#### [Problem requirements]
For the entries below, copy exactly the line that contains "Musculoskeletal Examination 4th Edition 2016" through the line that contains "Mavi ژاکت چرمی", both ends included, and exclude all pictures.

#### [Data shown]
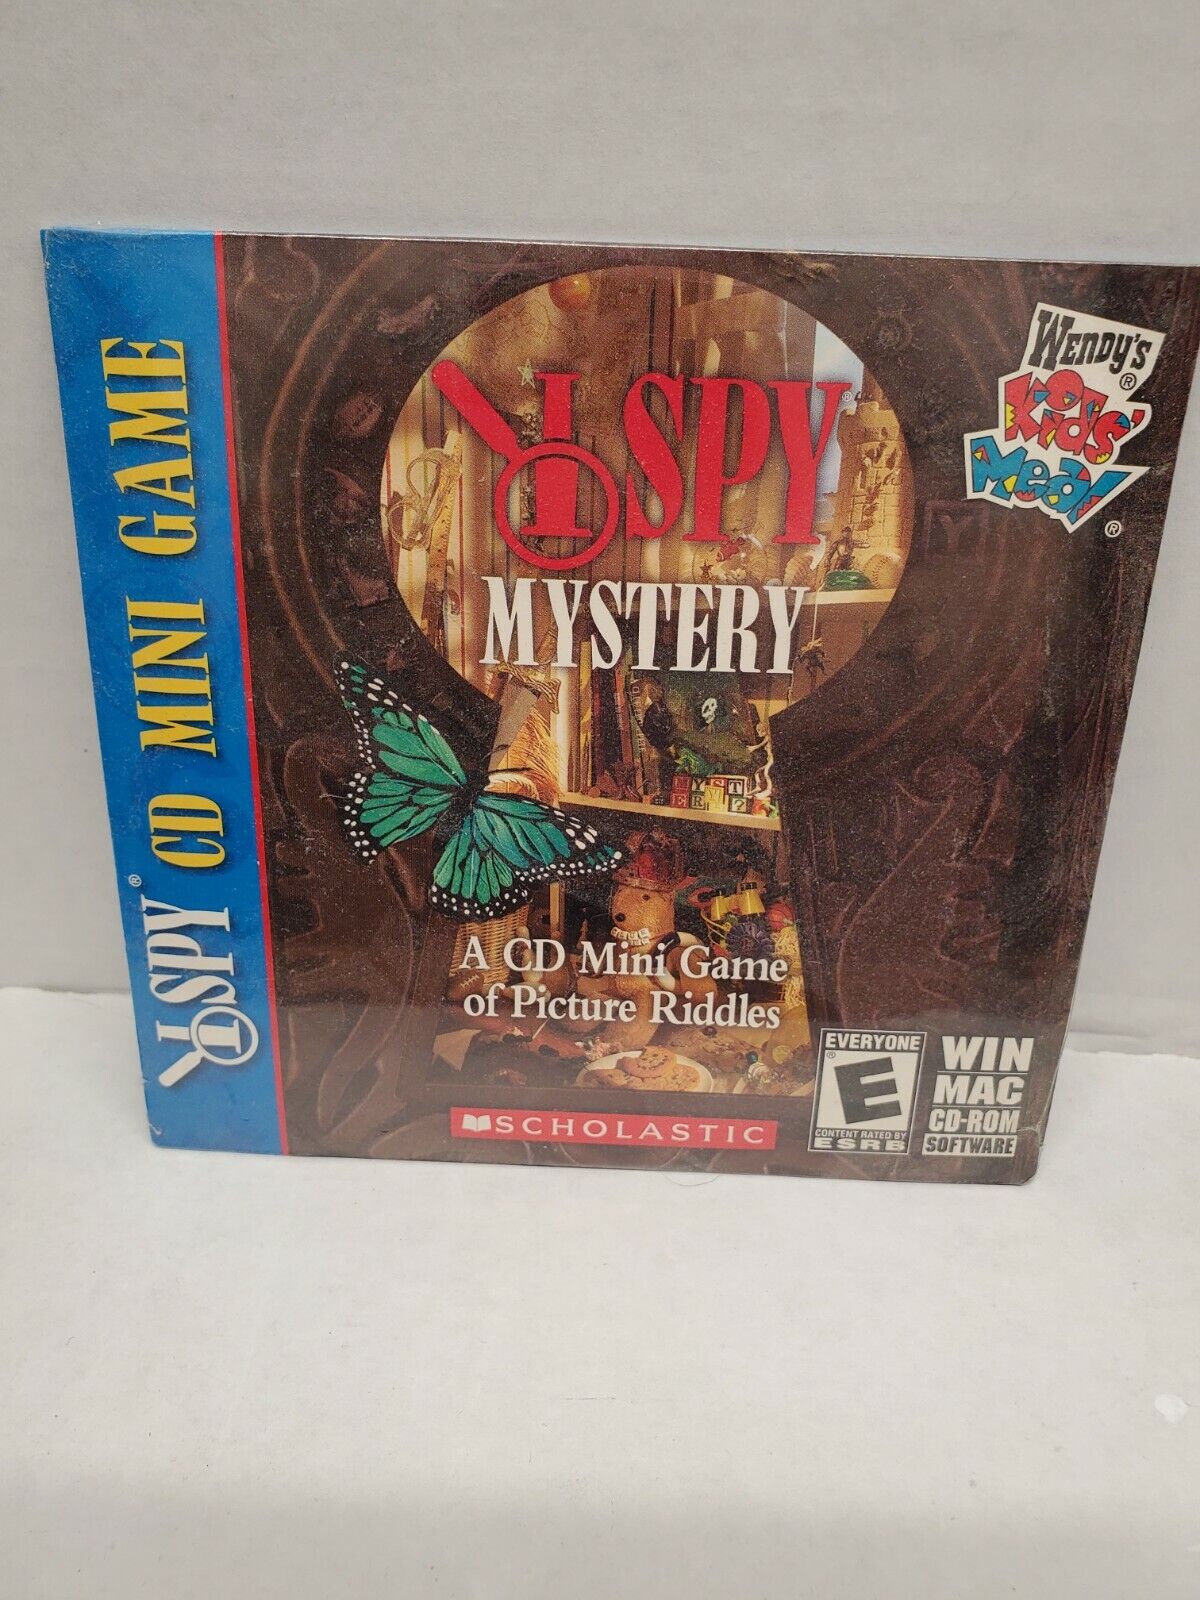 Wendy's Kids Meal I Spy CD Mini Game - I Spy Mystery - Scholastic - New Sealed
==
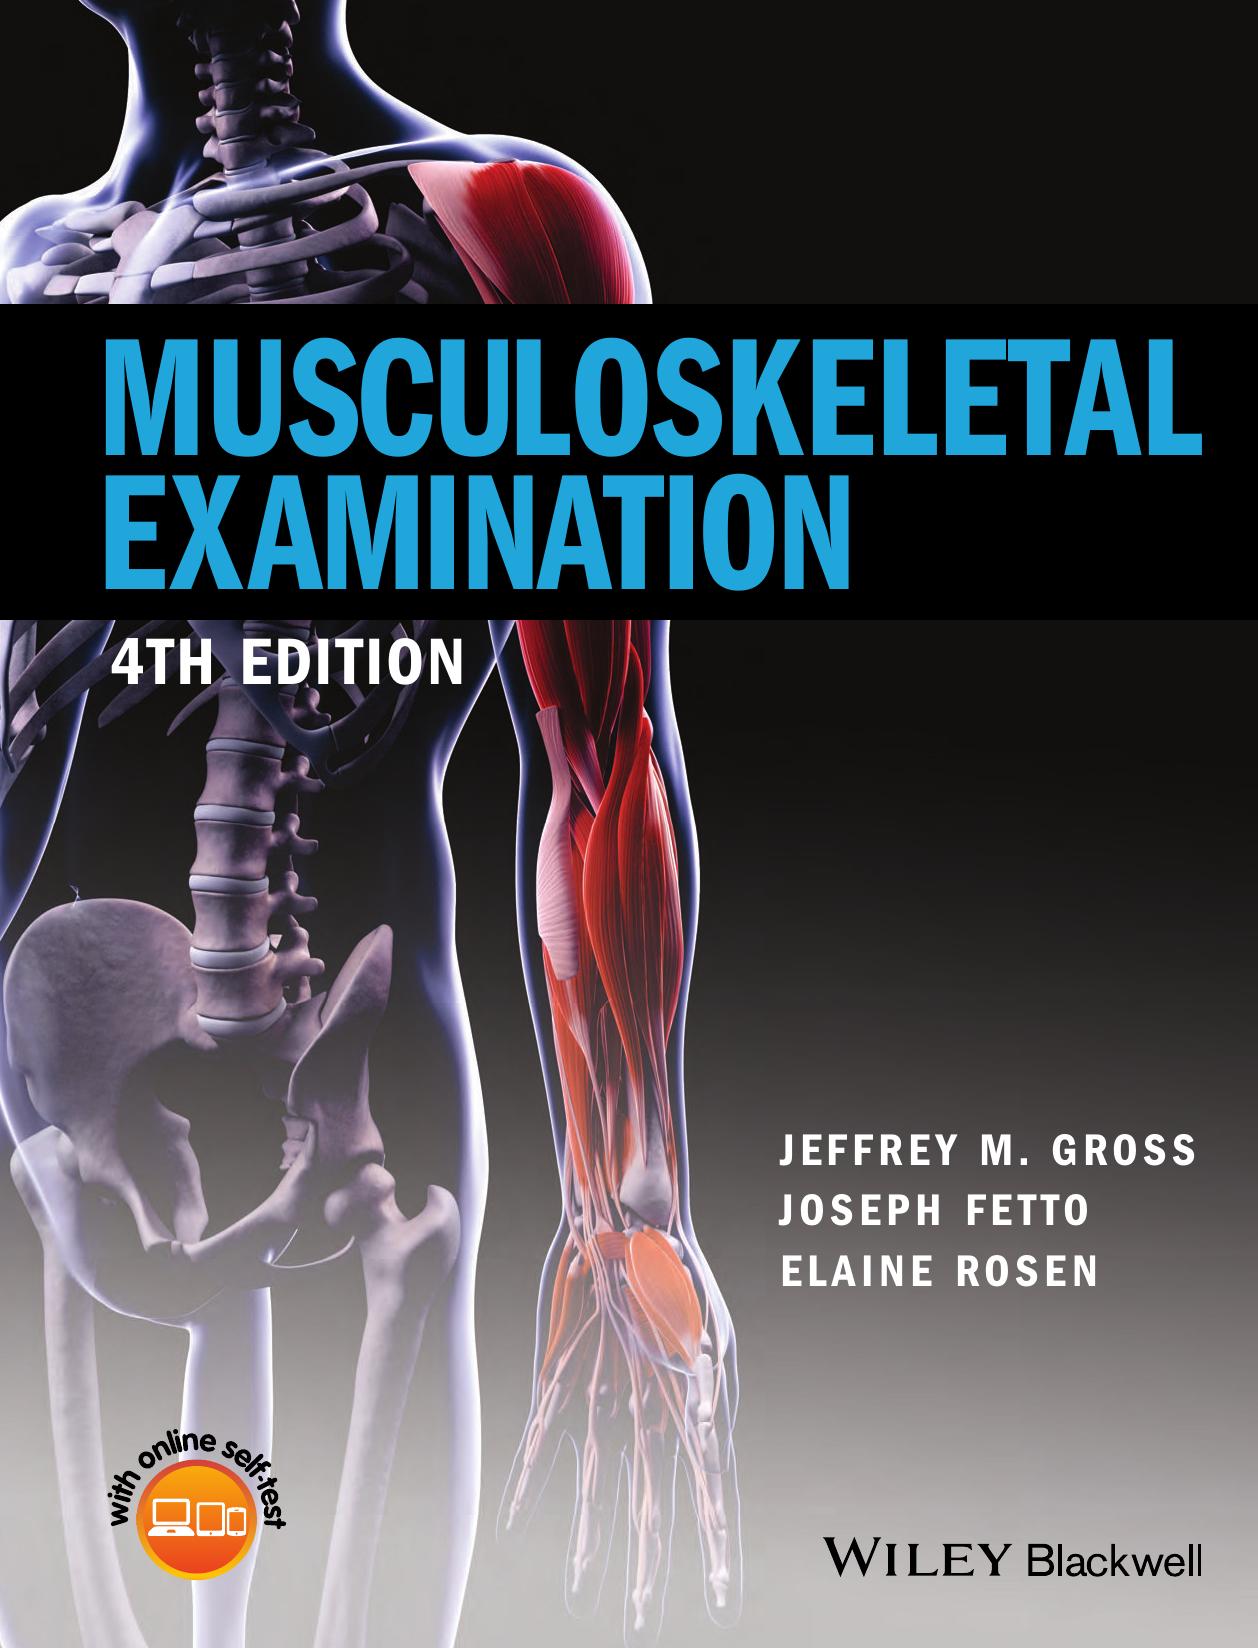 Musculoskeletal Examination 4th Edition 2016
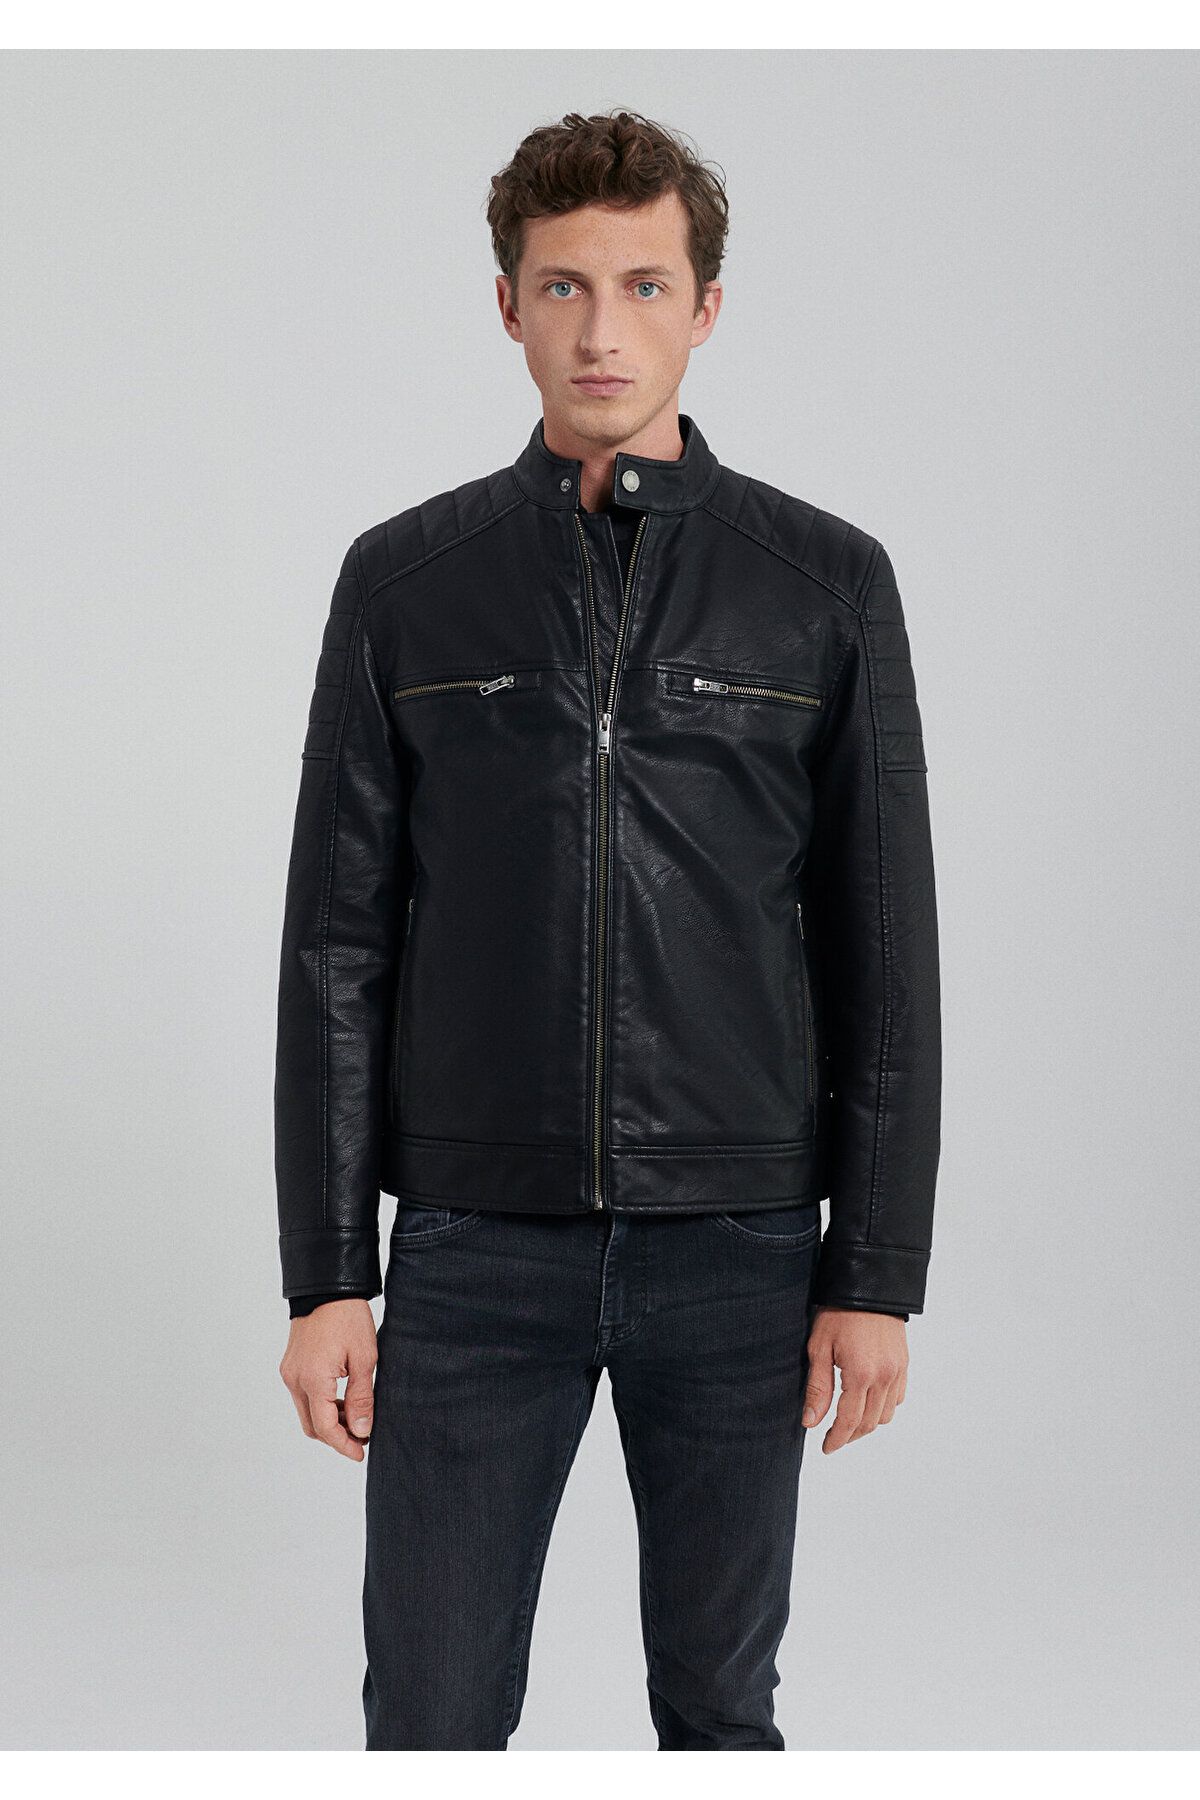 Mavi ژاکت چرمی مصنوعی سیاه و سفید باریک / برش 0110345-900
* * *
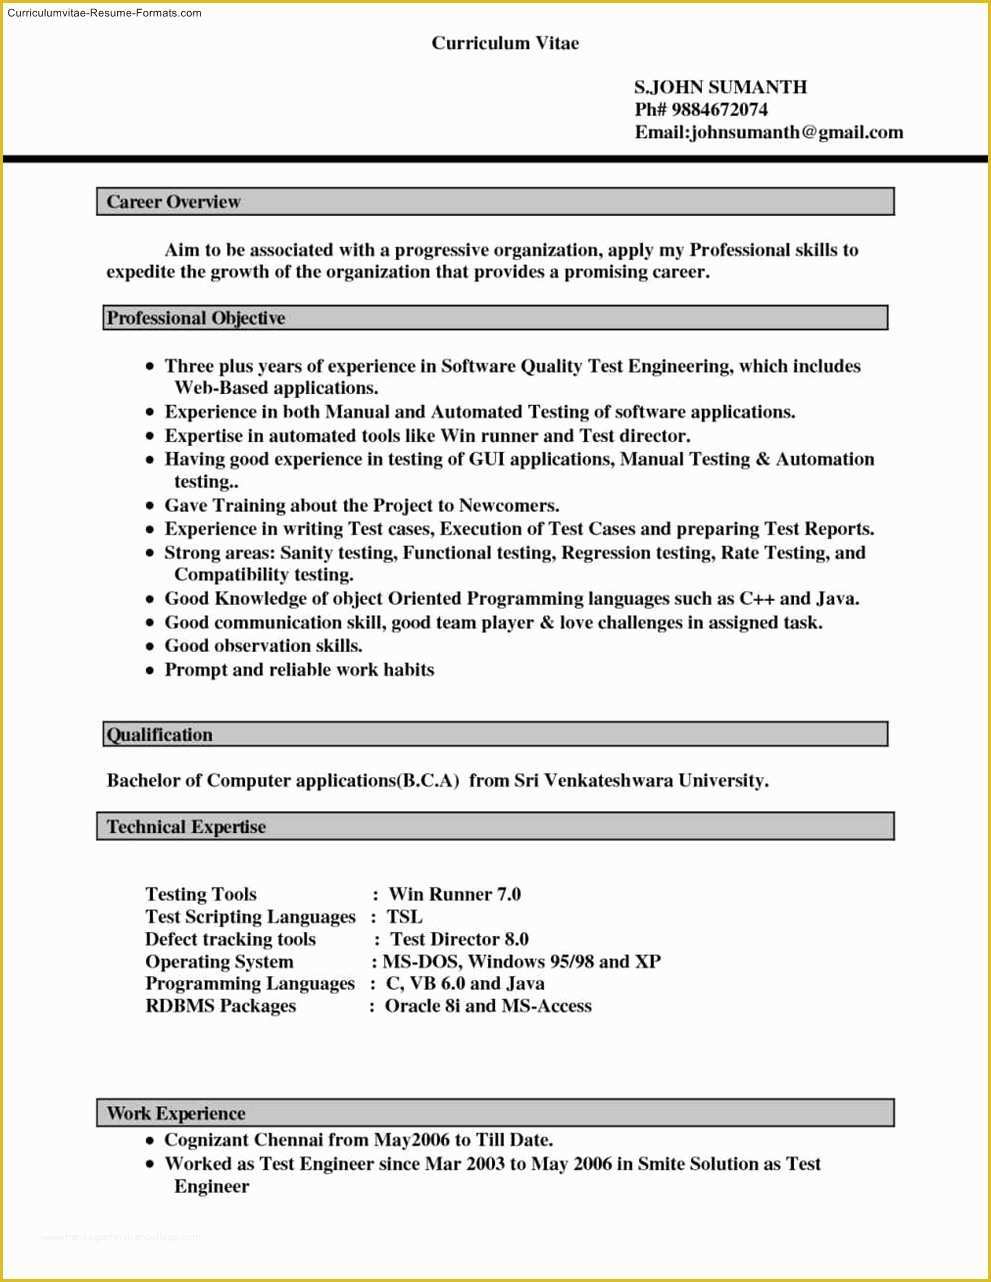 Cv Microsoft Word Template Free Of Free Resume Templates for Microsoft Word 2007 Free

#### [Output for this task]
 Musculoskeletal Examination 4th Edition 2016
 Mavi ژاکت چرمی مصنوعی سیاه و سفید باریک / برش 0110345-900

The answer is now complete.